I'm now styduing micro-cantilever used as a sensor.

It is usually made of silicon based materials.

In a certain condition below, the cantilever will vibrate itself when a certain external frequency is applied.

<condition>
Certain cantilevers may
exhibit mode coupling depending on the device characteristics.
Analytical expressions for various mode shapes can be derived
mathematically from the corresponding equations of motion under
the following assumptions: the aspect ratio is sufficiently large, the
deflection is small compared to cantilever thickness, the geometry
is of single-layer uniform rectangular cross-section, and the
material is isotropic.

There are four types of vibrating modes.

Out-of plane vibrations include transverse, also called bending or flexural, and torsional motion.
In-plane vibrations include lateral, also called in-plane bending, and longitudinal, also called extensional or axial, motion.

Each of the four modes exhibit resonance when excited at their characteristic frequency, known as the resonant frequency or eigen frequency.

My question is why a microcantilever has different resonant modes in different frequencies on a single material.

And how can the torsional mode be occurred?

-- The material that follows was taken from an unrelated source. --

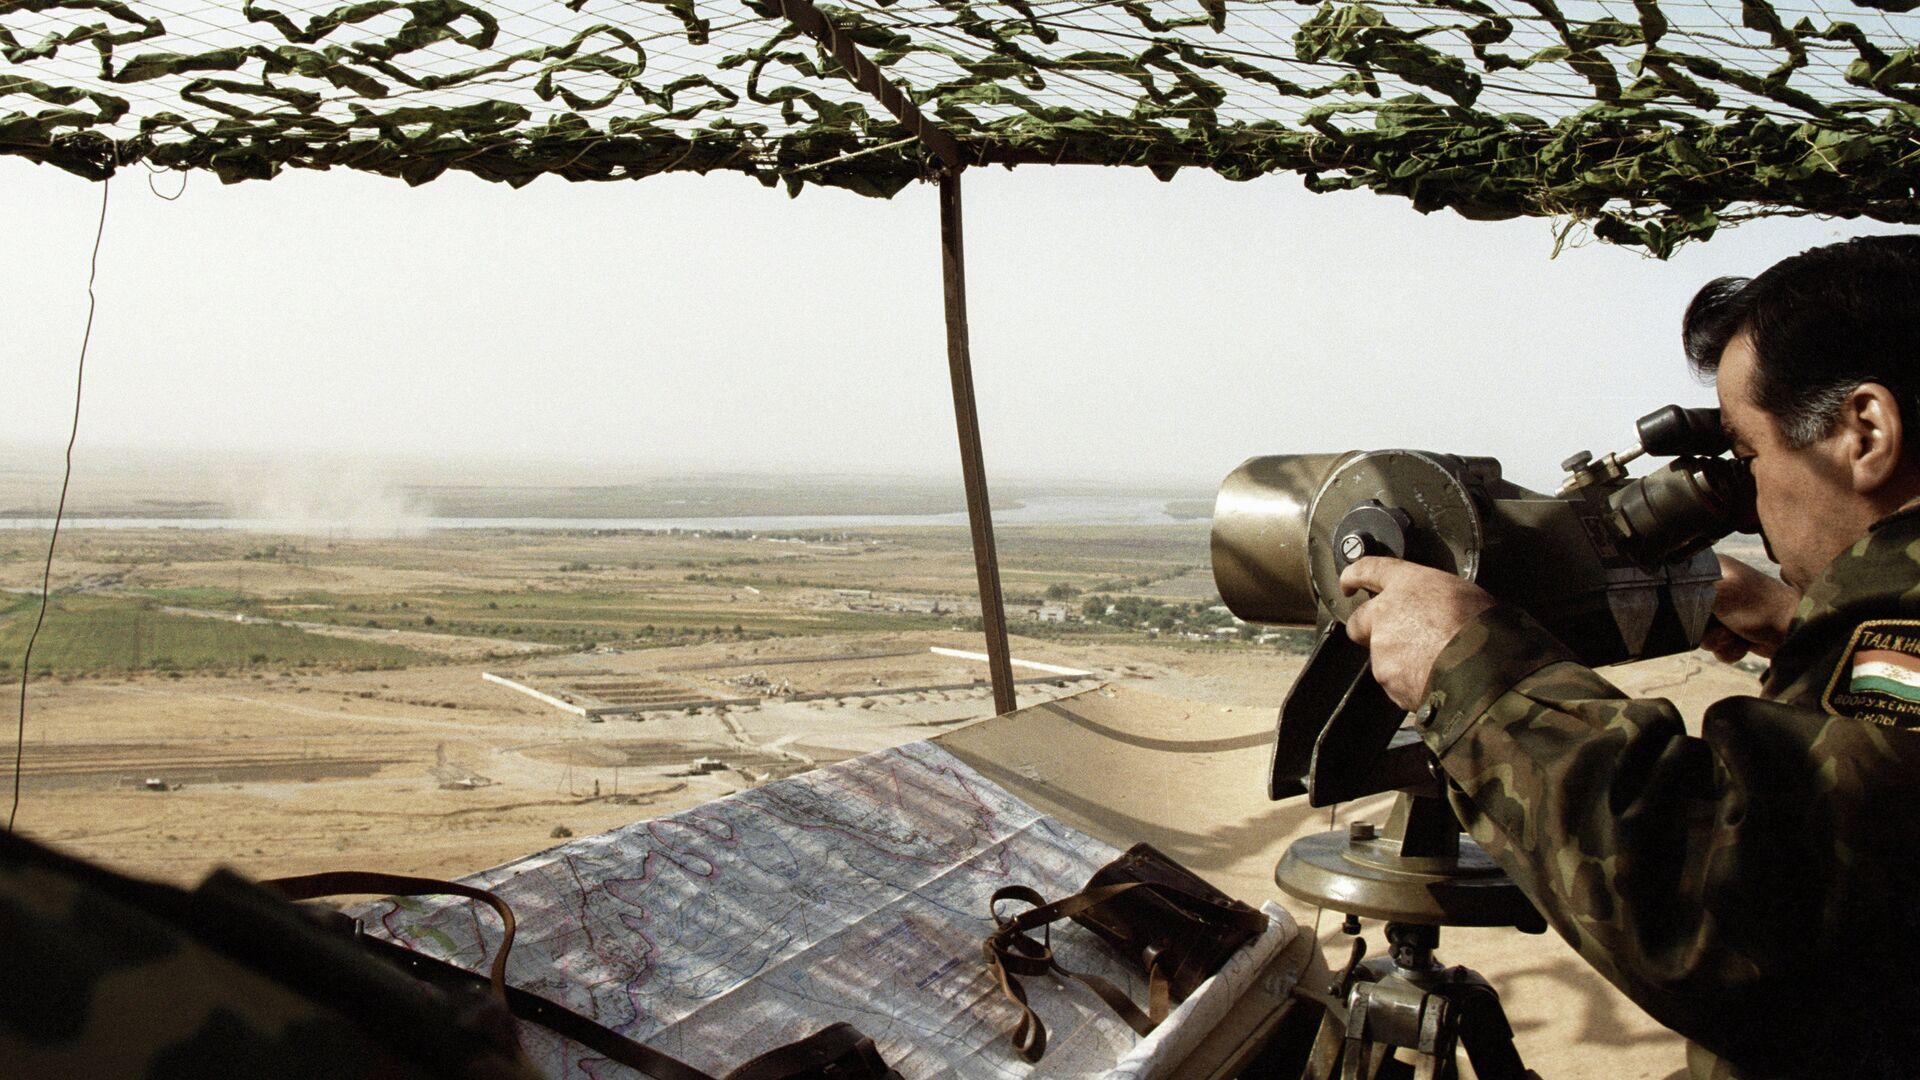 Граница Таджикистана с Афганистаном, архивное фото - Sputnik Тоҷикистон, 1920, 25.07.2021

It's very interesting.

2. Apr 11, 2012

### gomunkul51

Do you have theoretical knowledge in how to describe any of those motions that create the resonances? Write the equations and look what is dependent of what.

Cheers.

Roman.

3. Apr 11, 2012

### sambristol

It's because of the material it is made from. The atoms are bonded together at different angles and with different bonding strengths.

So to distort a material in one direction by a certain amount may require a fraction of the force to do so in another direction.

Less force equals lower frequency for the same mass.

Torsional modes can be induced in two ways. Firstly an asymmetric force or secondly a symmetric force on an crystalline structure which is asymmetric.

Look up 'elastic tensors' to get the math behind this.

Regards

Sam